You might argue that the mode is a better choice than the median and the mean, mostly based on the below graphic.

But the mode suffers from other problems. It will fail you on an exponential distribution, or on a log distribution.  The mean and median will stand tall on the centrally-tended morally-high ground and you will rue your foolishness and cry to the heavens.

So should we use the median then? It’s well known that for a skewed dataset, the median is a much better choice than the mean - the picture above proves that point. Even for symmetric distributions, it’ll perform as well as the mean will. It seems like the best choice for every situation.

But - there’s this great quote:

Maybe things are more complicated.

The strength of the mean is that it’s quick to calculate - all you have to do is sum up all observations, and divide by the total number of observations, and you’re done.

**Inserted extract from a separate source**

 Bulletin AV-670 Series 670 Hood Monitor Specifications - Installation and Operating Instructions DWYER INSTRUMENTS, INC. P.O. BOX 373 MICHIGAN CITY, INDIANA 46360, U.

In R:

calc_mean = function(vec) {
    return(sum(vec)/length(vec))
}

The median has to first order all the observations and then find the middle value. It’s a more complicated process:

calc_median = function(vec) {
    vec = sort(vec)
    if((length(vec) %% 2 == 0) ){
        return(vec[length/2] + vec[(length/2)-1])
    } else{
        return(vec(ceiling(length/2)))
    }
}

Finding the mean of a group of numbers is done in O(n) , whereas finding the median is an O(n log n)) operation.

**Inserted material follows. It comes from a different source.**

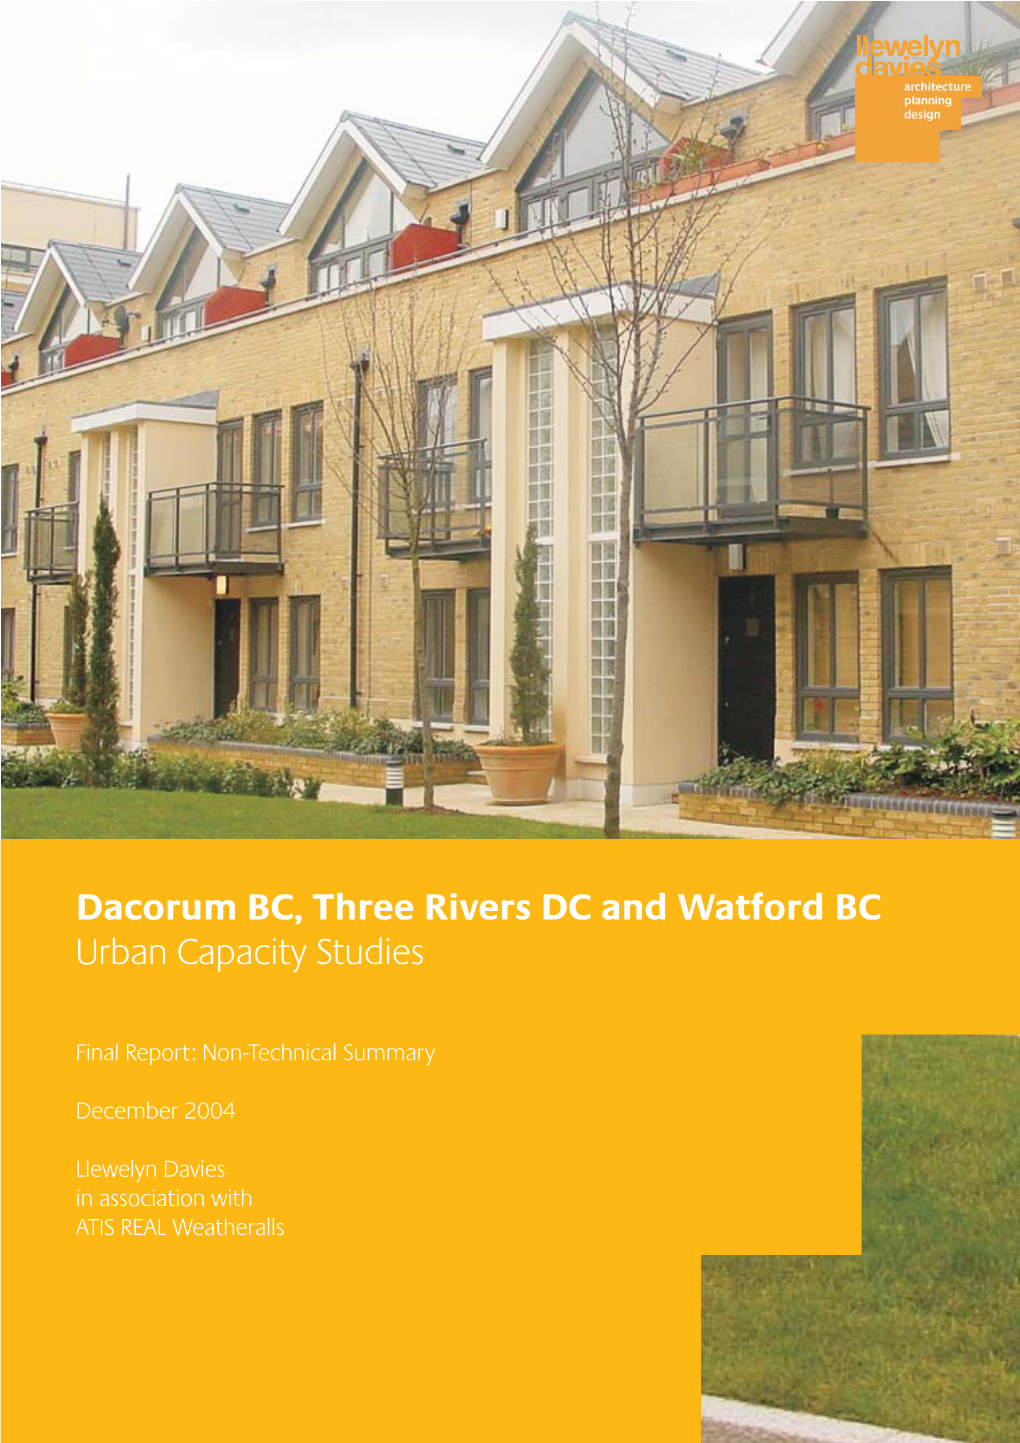 Dacorum BC, Three Rivers DC and Watford BC Urban Capacity Studies

This may not seem like a big difference, and isn’t for small datasets. But what happens if you have a lot of data?

Let’s run some quick simulations in R. We’ll calculate the time taken to find mean and median for a range of data sizes, going from 10,000,000 elements to 250,000,000 elements. We’ll do this 50 times and then plot the average calulation times on a graph.

Here’s the code for this:

trials = 50
vec_lengths = c(10000000,50000000,100000000,150000000,200000000,250000000)
mean_time = matrix(nrow = length(vec_lengths), ncol = trials)
median_time = matrix(nrow = length(vec_lengths), ncol = trials)
#generate vectors and runtimes for mean and median 
for(j in 1:trials){
    set.seed(j)
    count = 1
    for(i in vec_lengths){
        x = rnorm(i)
        
        time_start = proc.time()
        mean(x)
        mean_time[count,j] = (proc.time() - time_start)[3]
        
        time_start = proc.time()
        median(x)
        median_time[count,j] = (proc.time() - time_start)[3]
        count = count + 1
    }
}

mean_time_rowmeans = rowMeans(mean_time)
median_time_rowmeans = rowMeans(median_time)

library(ggplot2)
ggplot(data = data.frame(mean_time = mean_time_rowmeans,
                         median_time = median_time_rowmeans,
                         size = vec_lengths),
       aes(x = vec_lengths)) + 
    geom_point(aes(y = mean_time, colour = "mean")) + 
    geom_point(aes(y = median_time, colour = "median")) + 
    geom_line(aes(y = mean_time, colour = "mean")) + 
    geom_line(aes(y = median_time, colour = "median")) + 
    xlab("Number of Data Points") + 
    ylab("Calculation Time (s)")

Here’s the results:

The median clearly scales worse than the mean does. Imagine you had a few billion data points, and you can start to see why these questions matter.

Conclusion

The median and mean are fundamentally different concepts, and it can be oversimplifying to classify them as just different measures of the same thing. Sometimes they simply just answer different questions.

In broad terms, if you’ve got symmetric data and a lot of it, use the mean. If you’ve got skewed data and lots of it, you should use the median where possible, but you might have to use the mean if your data is too large. If you don’t have a lot of data, then just use the median for everything.

Tread carefully…and remember that the median isn’t always king.